Rakkim knew exactly what he was talking about.

Jenkins cupped the skull behind one ear. "Go long!" He gave a little hop and passed it, a long ball back toward the city. The skull shattered on the roadway.

Rakkim didn't move.

"That…that's one of the things I miss the most about Seattle," Jenkins said softly. "A football game in Khomeini Stadium on a crisp autumn day, barbecued goat sandwiches…nothing better in the world. You still go to the games?"

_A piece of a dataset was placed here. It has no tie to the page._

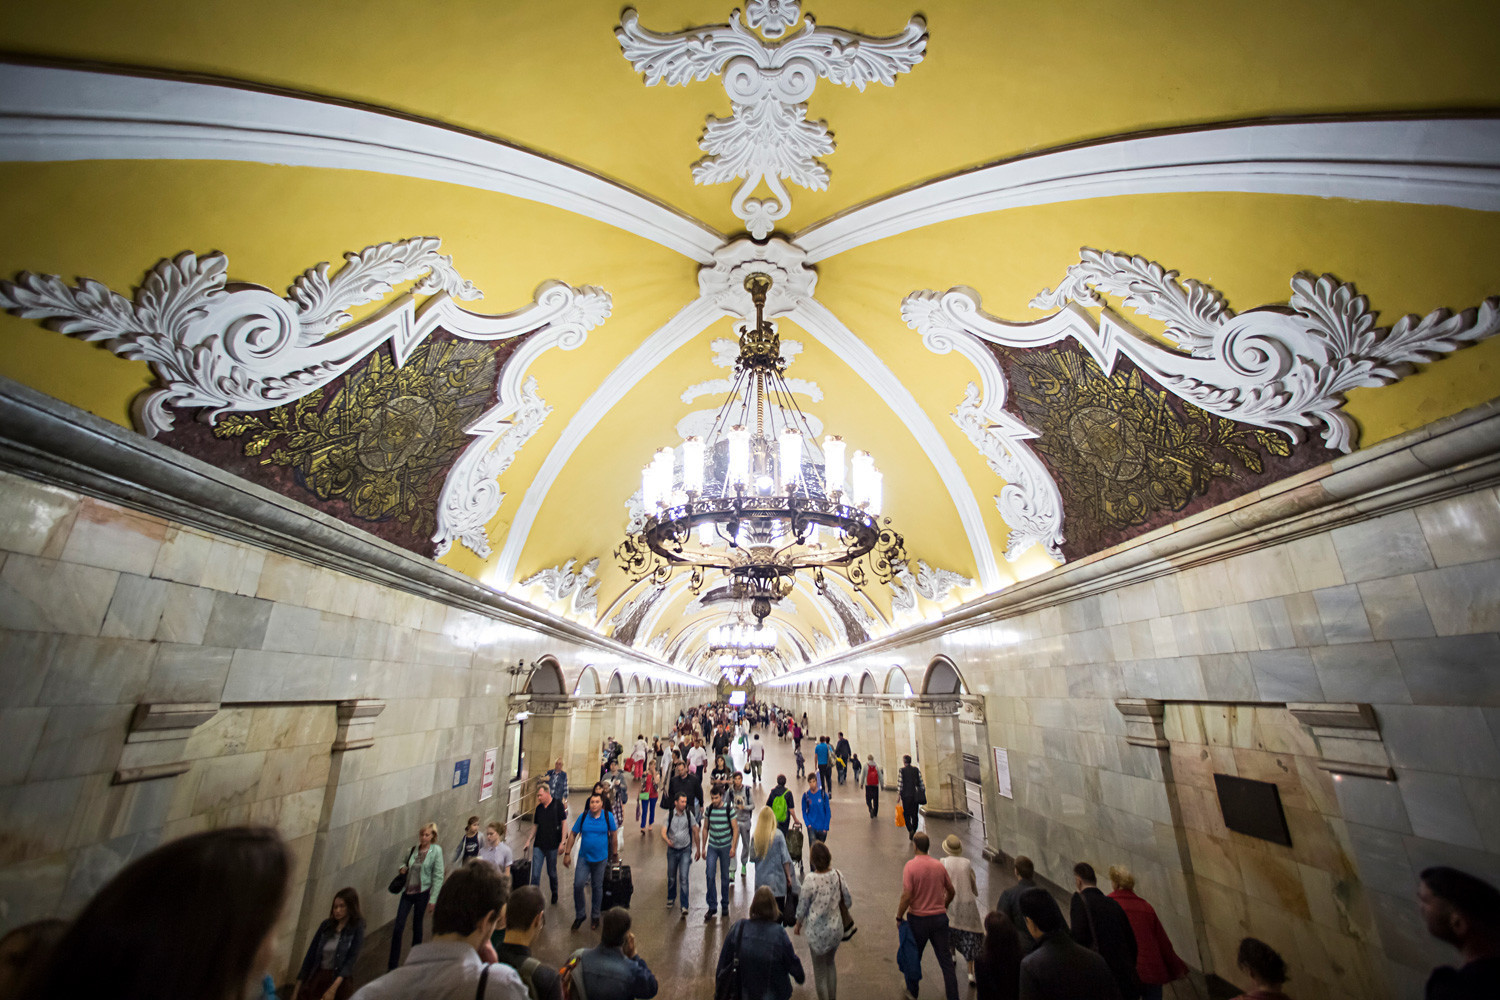 Stasiun metro Komsomolskaya.

"Sometimes. The Stallions are having a lousy season."

"Always next year." Jenkins's robe billowed in the wind. "What about the Zone? Do the Egyptian women still dance at the Orion Club?"

"It's called the Python Lounge now, but yeah, the Egyptians still dance."

"They used to darken their nipples with henna, but that…that was a long time ago."

"It's going to be daylight soon," said Rakkim. "Let me extract you. I'll take you home."

"Extract me? You make me sound like a rotting tooth." Jenkins shook his head. "Pity from an assassin…" He started back toward the city. "I am home."

CHAPTER 5

"What did you want to talk about?" said Sarah as they walked through the Catholic neighborhood, the streetlights out and never replaced.

"Personal stuff," said Leo. "Normally I'd ask Rakkim, but…he's not here."

"Okay…are you going to ask me?"

"Not yet," sniffed Leo. "I'm kind of still deciding."

People sat on their porches, smoking and talking, listening to music as Sarah and Leo strolled past. A couple of men waved to Leo. Dogs howled, or trotted along the broken sidewalks as though they belonged there. They did, at least in this sector. Muslims thought them unclean beasts, as dirty as pigs, but Christians loved their mutts. She heard laughter from inside the houses. A woman swung in a hammock, singing a modern version of an old blues melody, a paean to lost love. Christians never seemed to sleep, or worry that what they were doing was against God's law. They just lived. Anthony Colarusso, a good Catholic cop and one of Rakkim's closest friends, used to say if you were Catholic on a Saturday night, you'd never go to mosque again.

"Are you getting those headaches again?" Sarah said, stepping around a section of collapsed sidewalk. "Spider says he can hear you crying in the middle of the night."

"I'm fine. That's not it."

Last year Leo and Rakkim had gone on a mission into the Belt and barely made it back alive. Leo's arrogance and lack of social skills had been a constant problem, and his falling in love with a local girl, Leanne, only made things worse. Still, the kid was necessary equipment, that remarkable brain of his, at any rate. State-of-the-art cerebral cortex, but Spider and a team of underground neuroscientists had added a few non-factory options. Leo was smarter than ever, and getting smarter all the time, but sometimes he was blinded by details and his naivete left him vulnerable.

Sarah could see homemade signal-jamming devices silhouetted on every rooftop, awkward contraptions of circuit boards and aluminum designed to block eavesdropping from the government. "Do any of those things actually work?"